1. 100 Miles of Shoulder

    We made it to Houston after one short day and one very long day. It went like this:

    Day 1,

    Leave Austin after three weeks of not riding bikes with gear and feel good about ourselves for not hurting too much.  Stop in Bastrop, a town thirty miles outside of Austin.  Talk, briefly with a train kid (freight train hopping young person) in a walmart parking lot.  Stop in at walmart.  Meet a small group of train kids after coming out.  Then meet more train kids, including one guy named Zach that loves both of the states we hail from (Iowa & Michigan).  Kid is also not the most appropriate title for him since he was in his mid-thirties, but the mentality is similar.  Waste too much time in town and lose daylight.  
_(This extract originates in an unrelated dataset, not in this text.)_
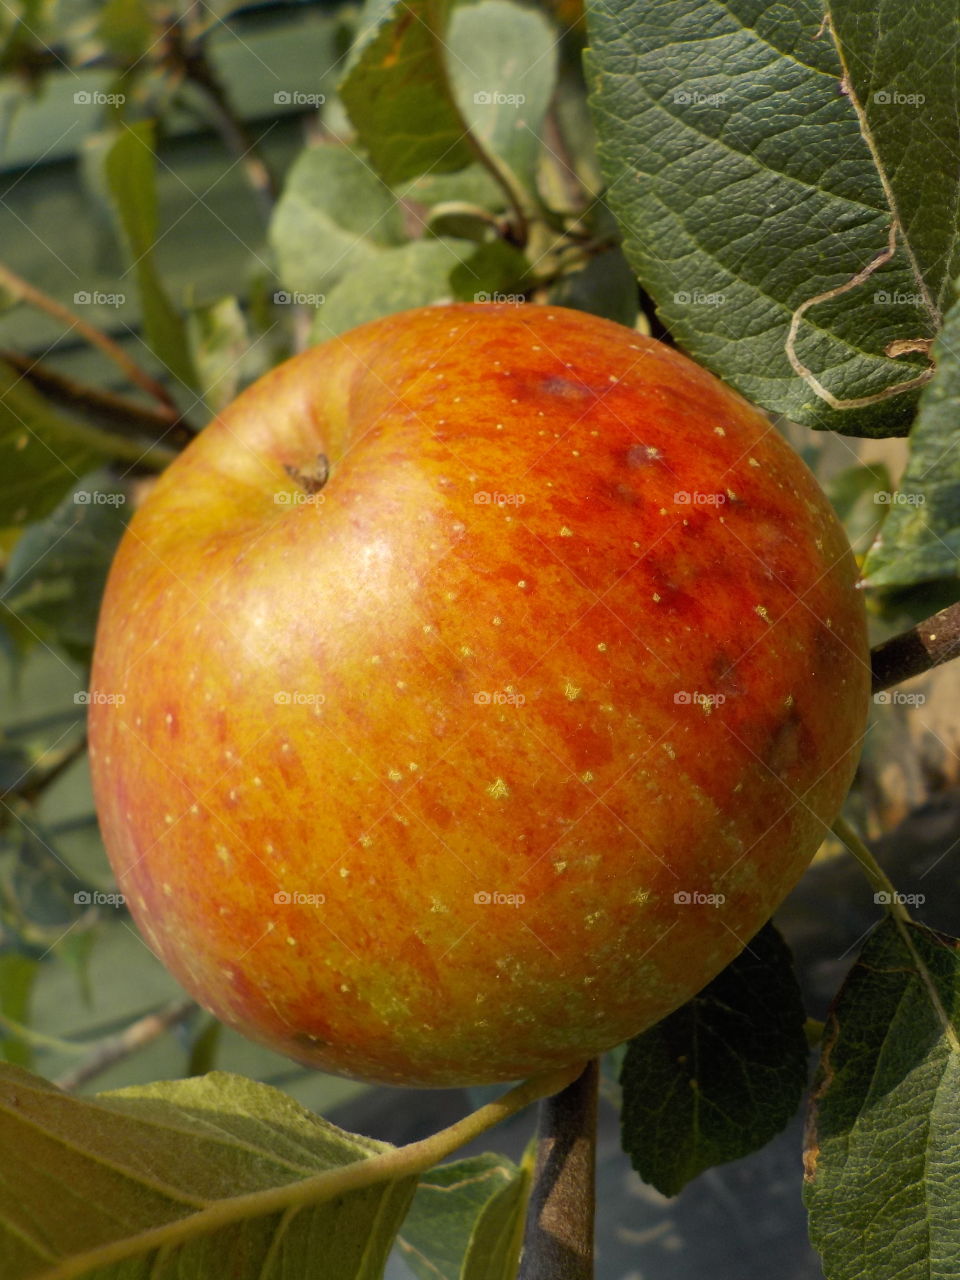 My organic apples

    Choose to find a place to hang our hammocks in the state park and plan on leaving the following morning.  Get gently rained on several times throughout the night, get very little sleep.

    Day 2,

    Wake up because the state park police are telling us to.  Head out politely.  Pay way too much money for the hospitality (author’s opinion, not actual official rate description).  Meet a couple that are also riding across the country and also stayed the night in the park.  Ride with them for about ten miles or so then take a break to charge our phones.  Commit to riding over a hundred miles in one day in a text message before mentally committing to oneself.  Ride.  Ride all day through pain and heat and dozens of overpasses that nag at our knees. 

    Feel like passing out, but continue riding because there is a home at the end of the ride.  A home with a shower, a meal, and friends.  Arrive at the edge of a large suburb at night and realize there isn’t much safety in riding the shoulderless roads.  Stop at a gas station to ask someone for a ride closer to the place (desperate move).  Have a man pull out his wallet as a means to get rid of us quickly and then recommend we keep going because he was a cyclist once and he knows what we are going through.  Ignore this response and ask a few more people.  Get nothing.  Ride on the roads with no shoulders.  Get to that home with the shower and the meal and the friends.  Feel better instantly.  Forgive the guy with the wallet.  Forgive the other strangers.  Forget the state park and it’s big policemen and it’s high prices.  Eat too much.  Laugh at bad photos taken by a new friend.  Go to sleep.

    Day 3, (not a riding day)

    Wake up to breakfast being made for us by Haley, our friend that we made in Austin.  Reminisce a bit.  Get ready for the day.  Head out to see the city everyone told us not to go see.  Take the tour from a local and hear about what goes on that isn’t motorists and oil companies.  

    Lunch it up at a restaurant called Brazil that was filled with what one could only assume were the most attractive and interesting people in the area.  Meet up with Valerie, Haley’s mom and our new friend.  

    Go to a museum to see the King Tut exhibit, paid for by Valerie. 

    Go out to eat at this restaurant that is at the top of a medical building in the medical district of Houston, paid for by Valerie.  Eat and drink five star ish while laughing at just about anything. 

    Step out onto the balcony of the top-floor restaurant and, if you are Haley, spit over the edge.  

    Walk back in, eat dessert, if you are Caleb you don’t because you are going to die from everything else you’ve consumed.  Head to Target for supplies.  Drop Haley off so she can go see Hunger Games on opening night.  Ride around with Valerie for a little while and blast ODB amongst other tunes that fill up the last hours of the night with more joy.  Arrive at the McMichaels’.  Go to sleep.

    Day 4,

    Wake up.  Blog.  Hear about how the Hunger Games premier was when Haley and her friend, Summer, come back.  Receive an invite to hang out with Summer later that night.  Blog.  Eat.  Do nothing.  Ride on shoulderless, overcrowded streets for a few miles to Summer’s.  Eat chips.  Go buy the new GoPro.  Come back and eat dinner.  Get beaten at Settlers of Catan by our new friend Summer.  Ride home through the fog with no cars on the roads that don’t have any shoulders.